Thank you very much for the comment and the kind words :) I must admit, I haven't worked with LDA yet - so far I only read the paper. However, I think that your question is similar to a comment from 6 months ago asked by @C . The confusion you probably have is that hidden or latent does not mean non-computable. The problem Variational Inference tries to overcome is that in a lot of realistic applications (including LDA) the posterior p(Z | D) is intractable, meaning that in order to analytically evaluate it you might have to do computations that are impossible. That is because they involve an exponential number of operations (e.g., extremely nested sums when marginalizing over high-dimensional discrete random vectors) or solving integrals for which there are no closed form solutions. And in order to approximate the posterior with any means (not just VI but also MCMC) you evaluate the joint distribution, aka the product of prior and likelihood. Maybe think of it like optimizing a function. Imagine you want to optimize f(x) = x^2 and assume it would be impossible to find an analytical optimum to it. Now there are algorithms that (iteratively) find an approximate solution to the optimum, i.e. an x-value that is maybe not exactly 0 (which would be the true optimum) but is 0.1. In order to do so, they evaluate the function a couple of times, e.g. f(2.0) = 4.0 or f(-3.0) = 9.0. Back to probability theory: we want something (optimum -> posterior) which we cannot get exactly. Therefore, we use an algorithm to obtain an approximation to the true solution. This algorithm has to evaluate something (target function in optimization -> joint distribution). I hope that helped :) Let me know if sth is still unclear.

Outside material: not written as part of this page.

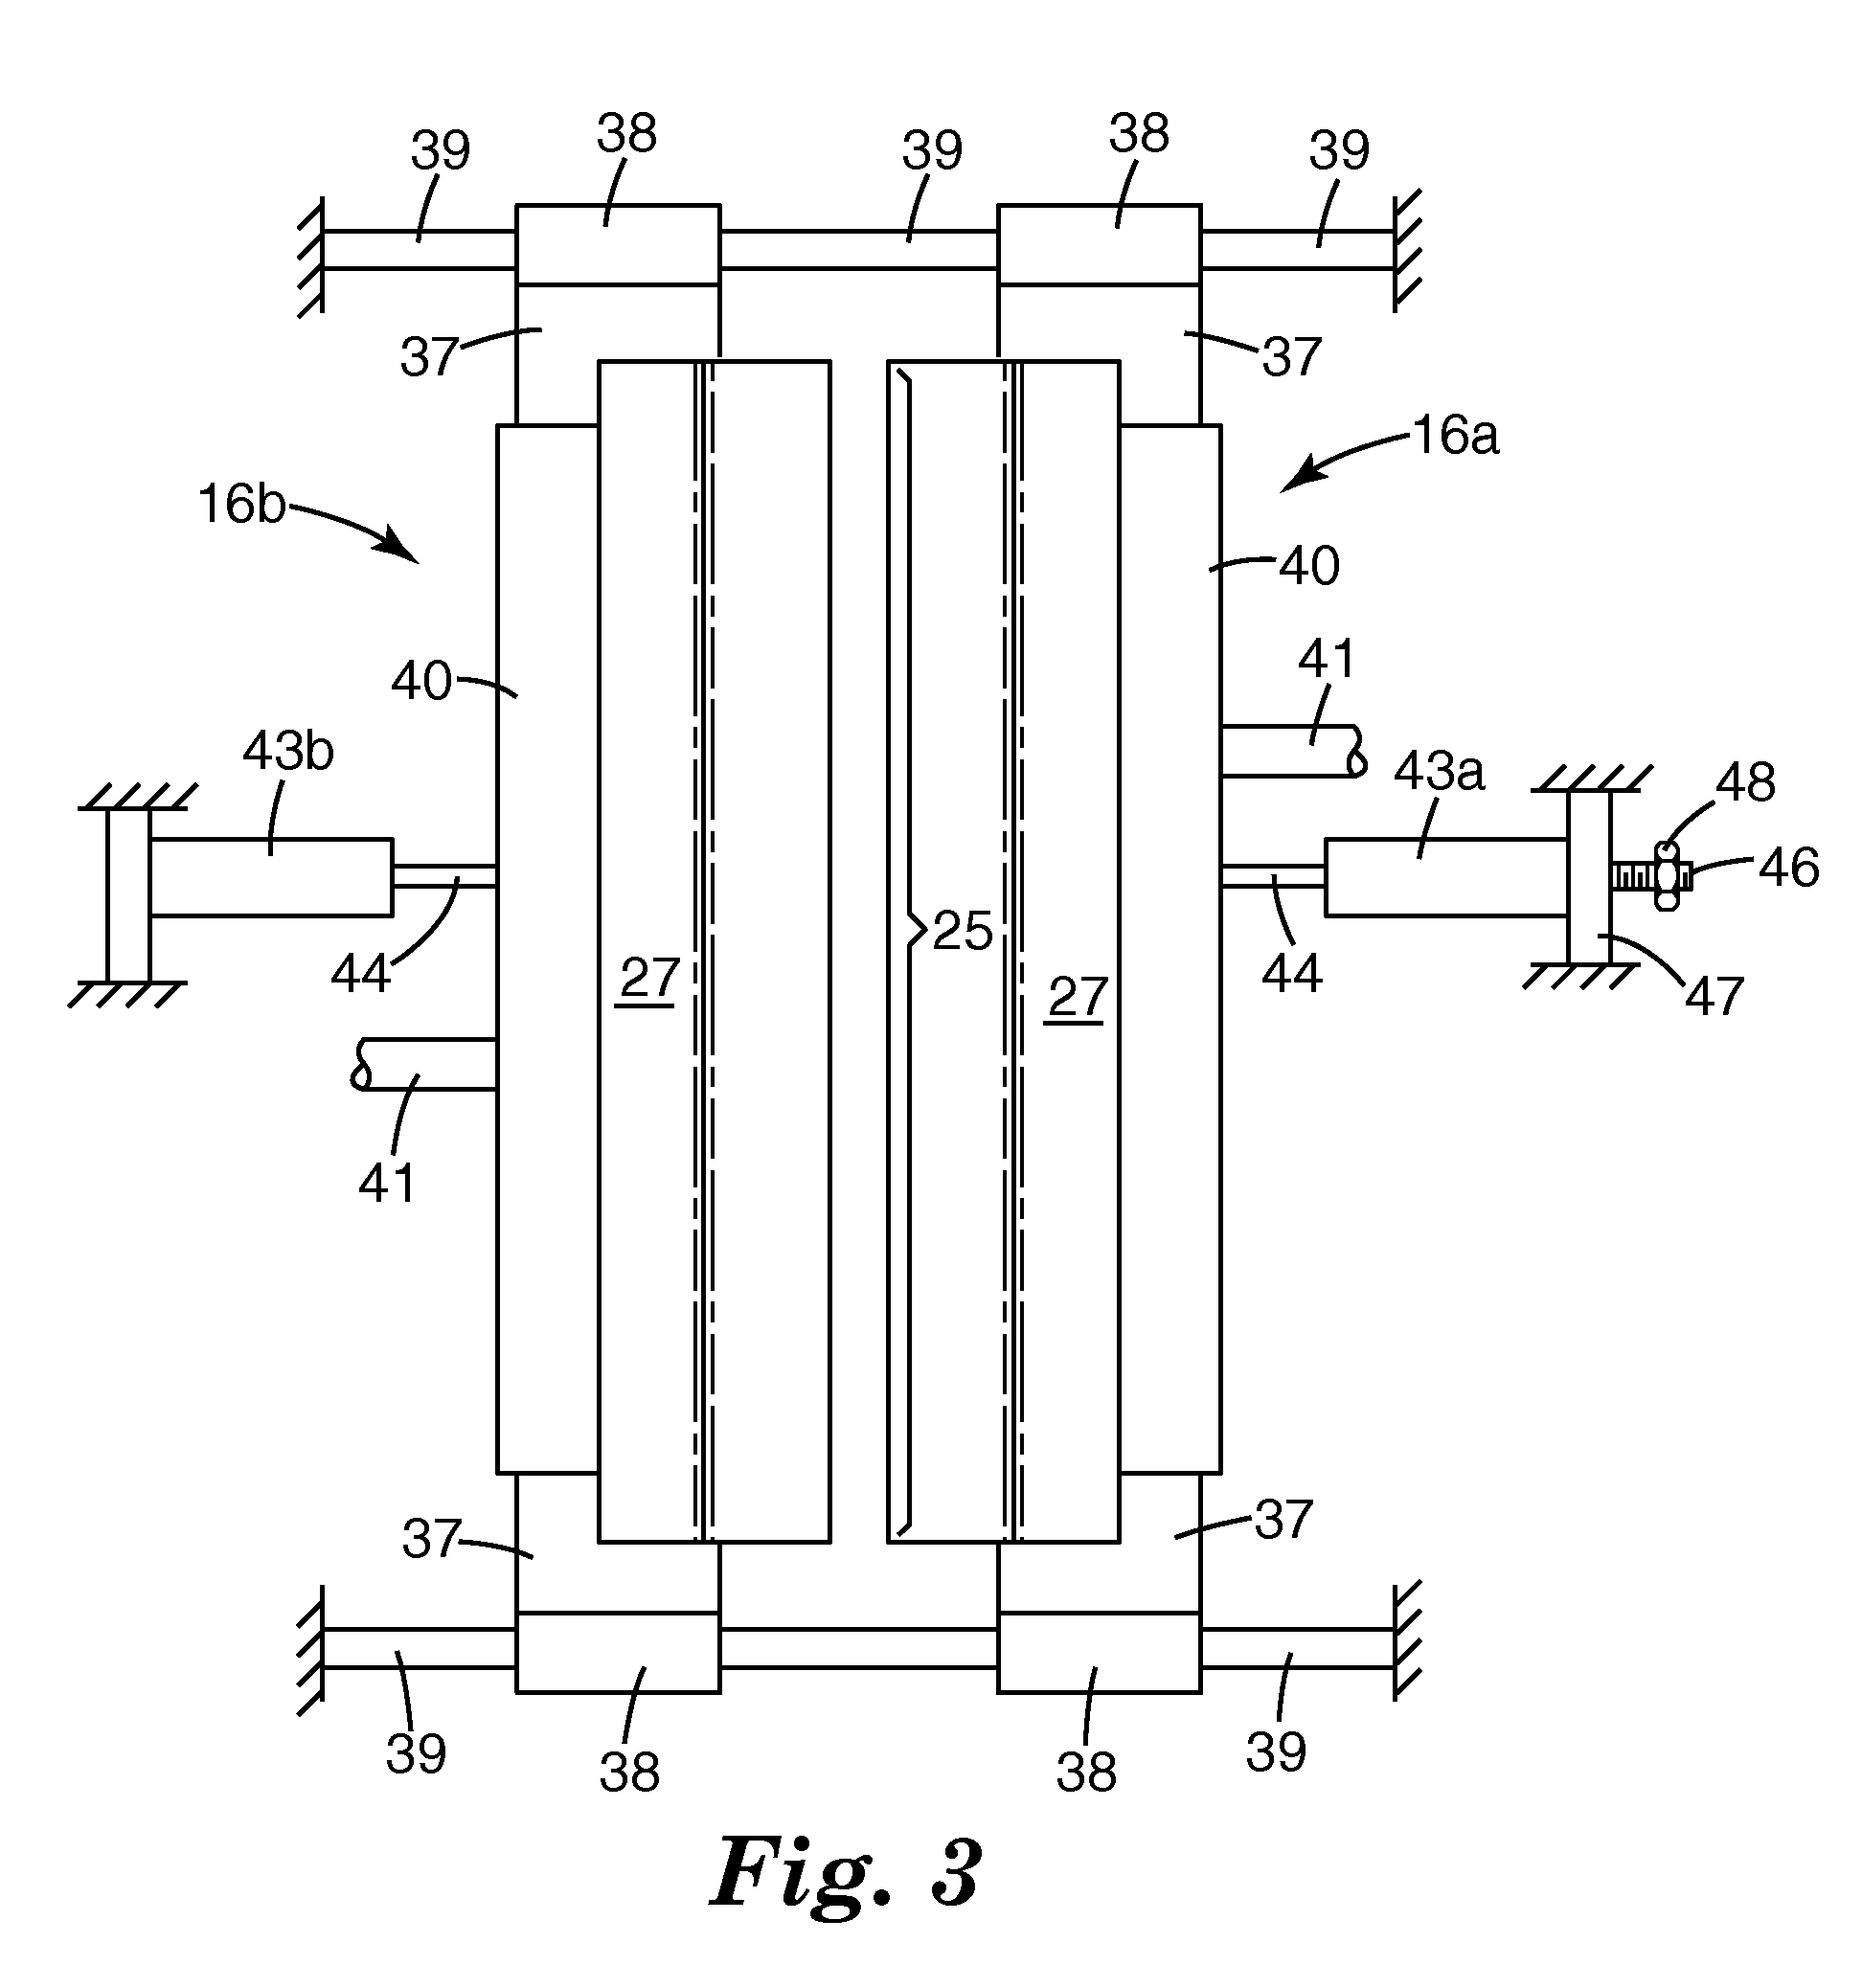 Bonded nonwoven fibrous webs comprising softenable oriented semicrystalline polymeric fibers and apparatus and methods for preparing such webs
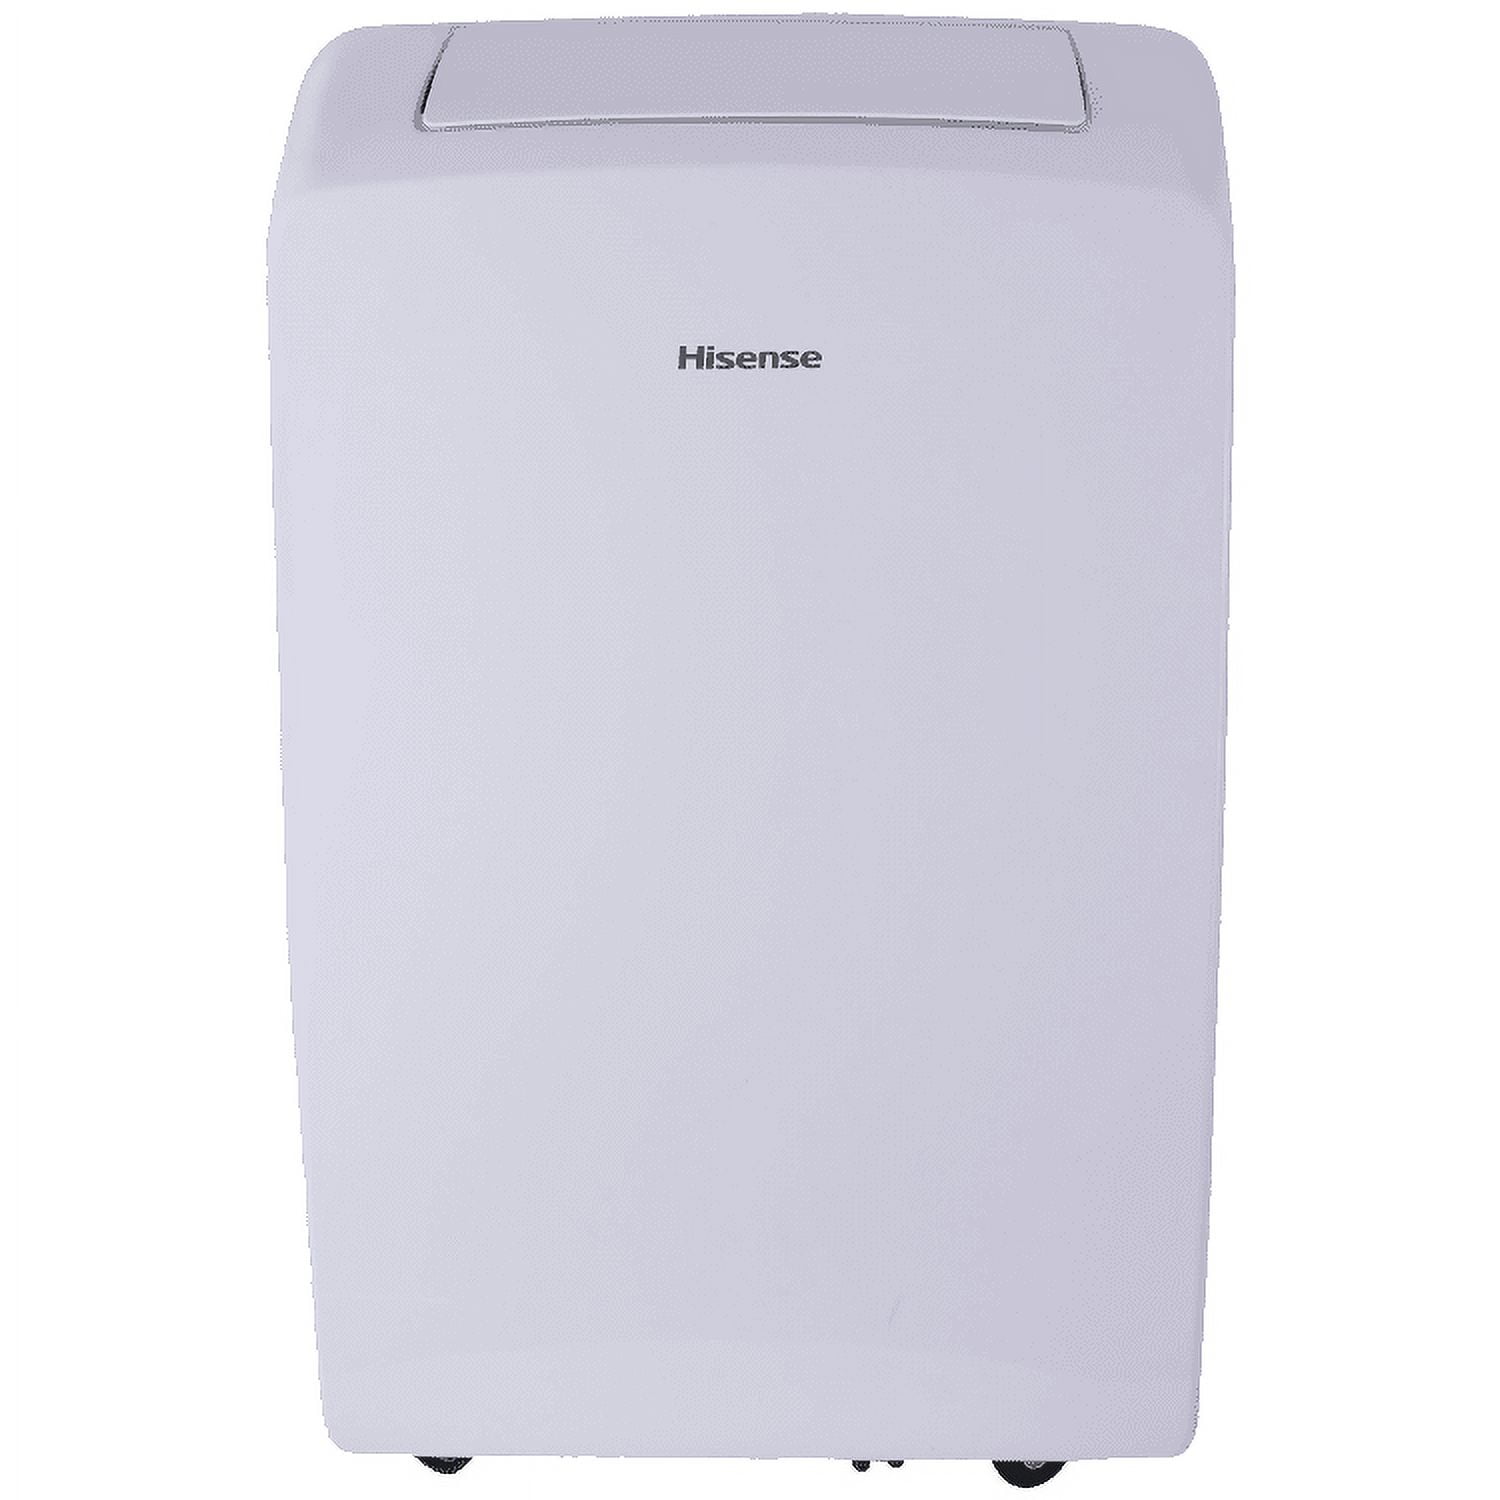 Restored Hisense 7,000 BTU 115V Portable Air Conditioner with Dehumidifier  and Wifi, White (Factory Refurbished)

Hello again... I wonder if you have ever had the chance to look into the Generalised Coordinates of motion! The goal of VI in there, is to not only infer the expected value of the hidden state, but also infer hier temporal derivatives of it (e.g., velocity, acceleration, jerk, etc.). In particular, in highly dynamic systems, this can help us track the expected value of the hidden states much better (i.e., keeping up with the dynamics while trying to do VI). This would be an AMAZING idea for a video.